[ofa-general] Re: New proposal for memory management

Wed Apr 29 05:15:57 PDT 2009

On Apr 29, 2009, at 12:03 AM, Jason Gunthorpe wrote:

> I've often wondered, wouldn't it just be fine for MPI if the entire
> process address space is kept pinned, registered and consistent with
> the HCA? The process would opt in to this behavior during MPI
> startup. Similar in spirit to the all physical memory registration the
> kernel can do.
>

An interesting idea.  As I understand your idea, you essentially have  
to pre-allocate memory to all MPI processes, registering all available  
RAM.  After thinking about this a little bit, I think there are still  
a few problems, though:

- How much memory do you give to each MPI process?  (phys_ram -  
OS_overhead) / num_mpi_processes?  What if each MPI process is not  
created equal -- some need more RAM than others?  Does each MPI  
process need to know at the beginning of time the max memory that it  
might need in the future?  That could be quite difficult to know -- it  
seems like an large new restriction to impose on users.
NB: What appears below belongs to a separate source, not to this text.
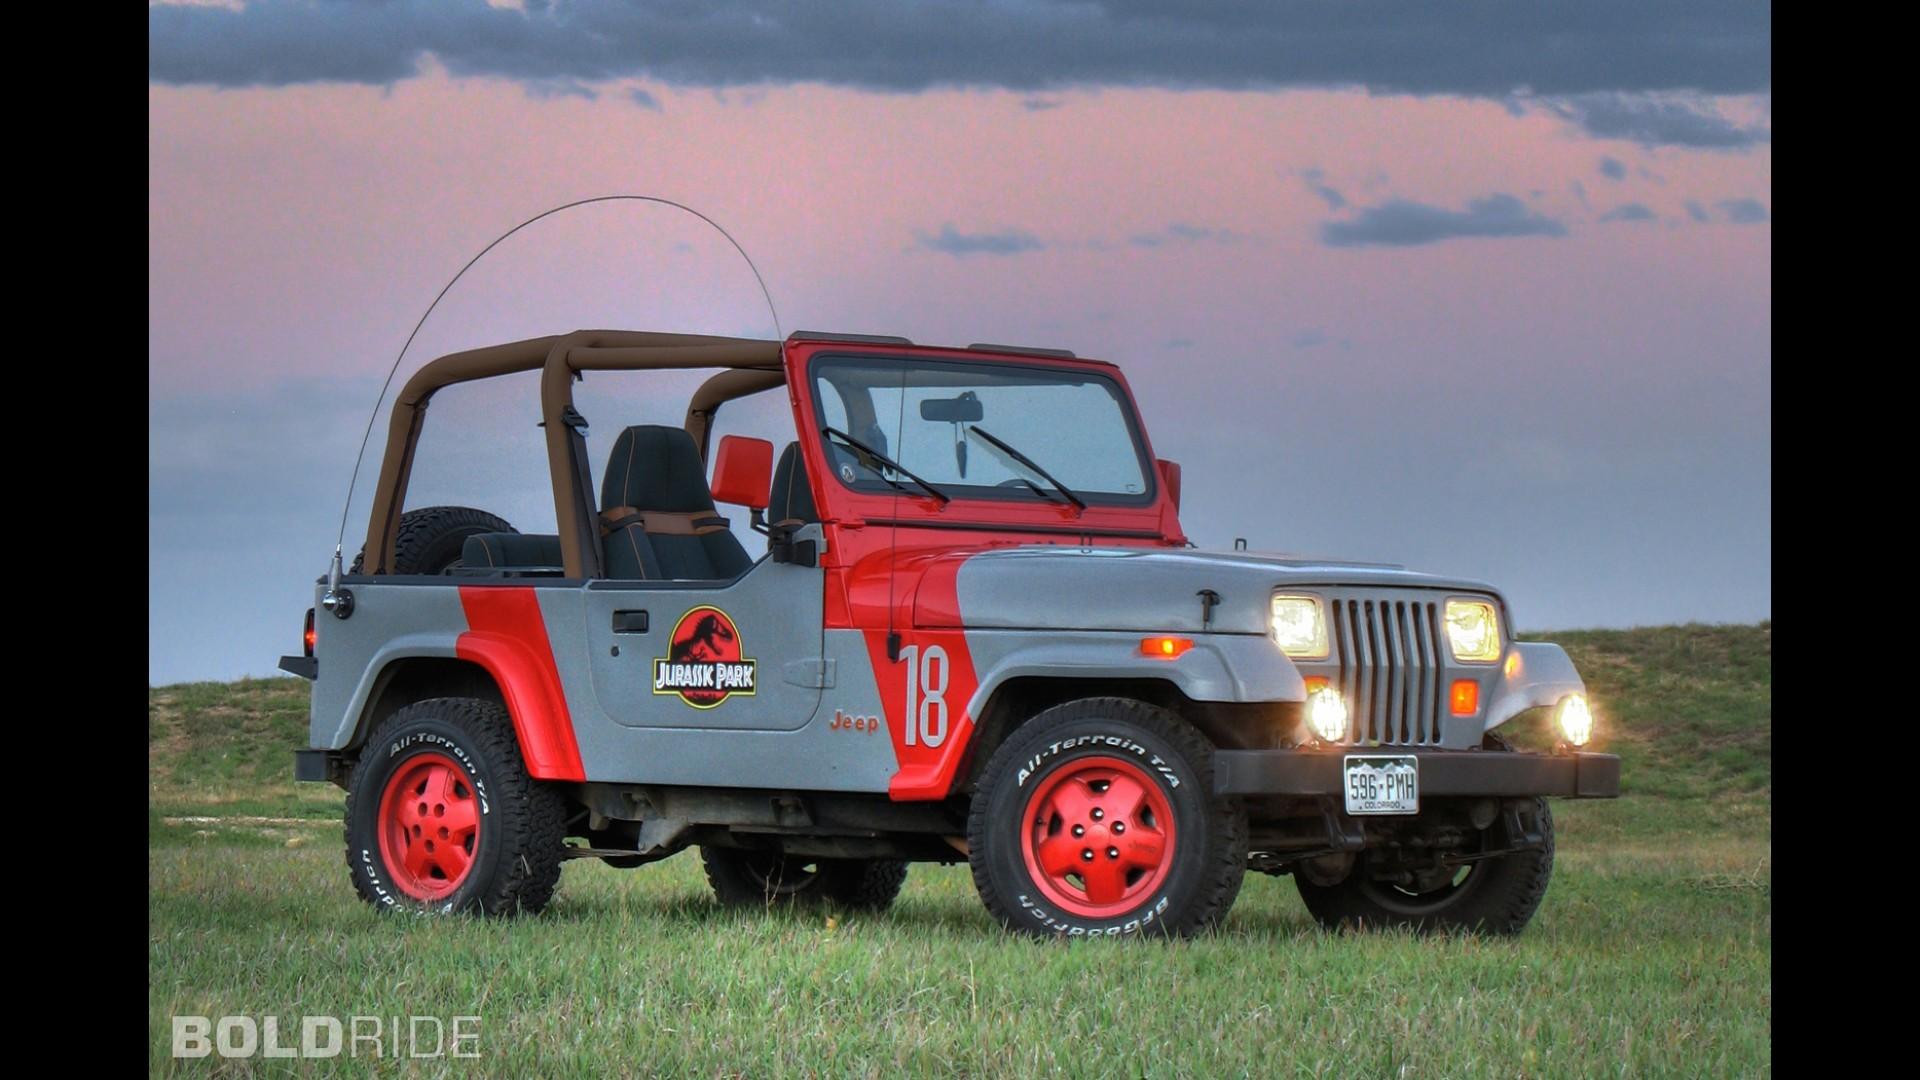 1999 Jeep Wrangler For Sale >> Jeep Wrangler Jurassic Park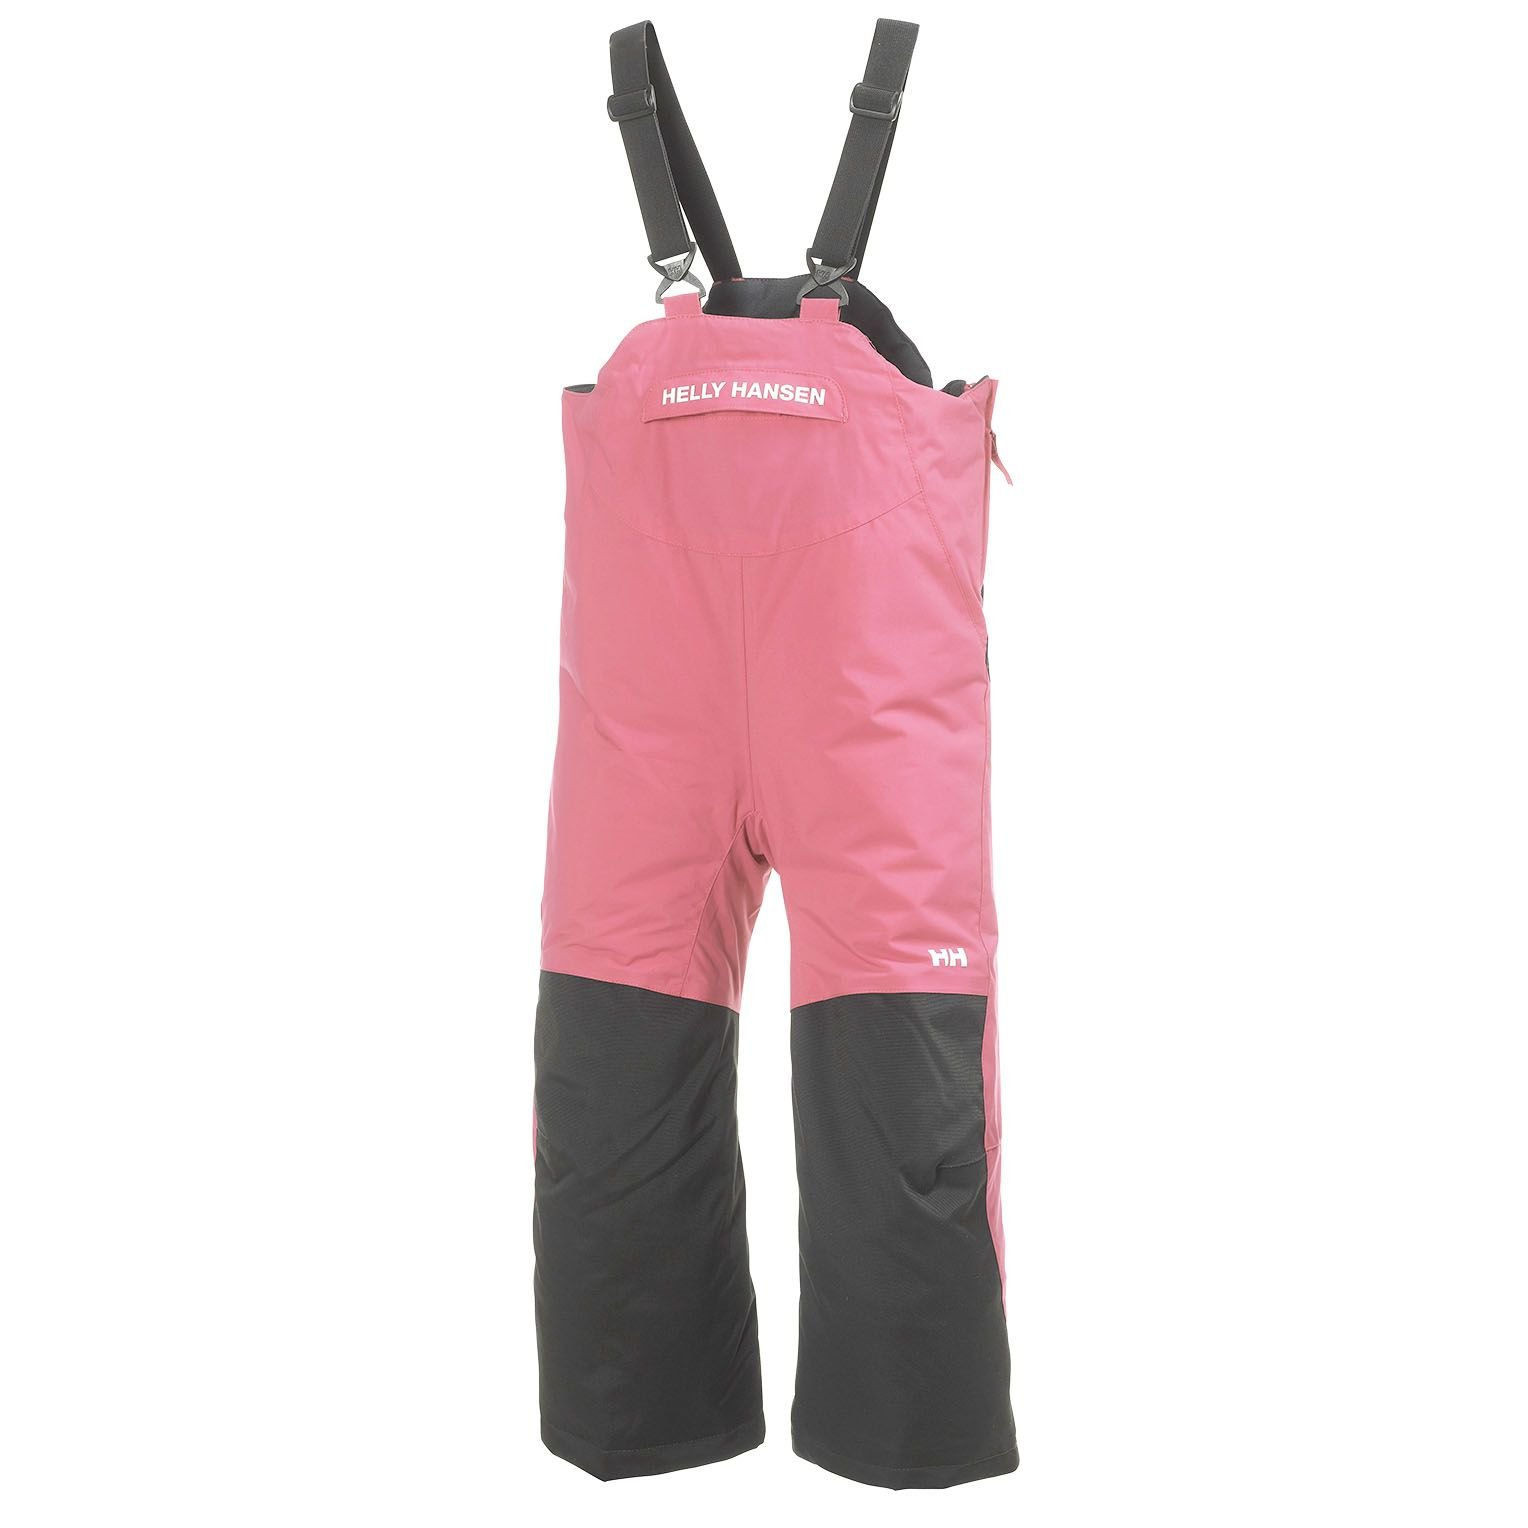 Helly Hansen Kids Rider Insulated Bib Pants, Dusty Powder, Size 7

- As we head towards "manycore", the above problem will get [much]  
worse, because I think we'll be heading back to the days of running  
multiple different MPI jobs on a single machine.  These jobs will have  
no a priori knowledge of each other; if the 2nd MPI job launched on a  
machine needs more than (phys_ram - OS_overhead) / num_processors, how  
is that coordinated with the 1st MPI job that is already running on  
the same machine?

- What about any other (non-MPI) process that needs to run?  If all  
memory after the OS is registered / unswappable / allocated to MPI  
processes, then how do random processes get any memory to run?  (e.g.,  
shell scripts, daemons, ... etc.)  If you simply leave X space un- 
register specifically for such non-MPI processes, how do you decide  
the value of X?

- The preallocation/registration of memory must happen pre-main()  
because the first MPI function that is invoked (MPI_Init()) may not  
occur until well after main(), and potentially after some calls to  
malloc (etc.).  For example, the following is a valid MPI program:

int main(...) {
   int *a = malloc(...);
   MPI_Init(...);
   MPI_Send(a, ...);
   ...
}

Re-reading your brief text; I'm wondering if I missed the zen of what  
you're trying to suggest...?  If I'm off the mark, can you explain  
more?  Thanks.

-- 
Jeff Squyres
Cisco Systems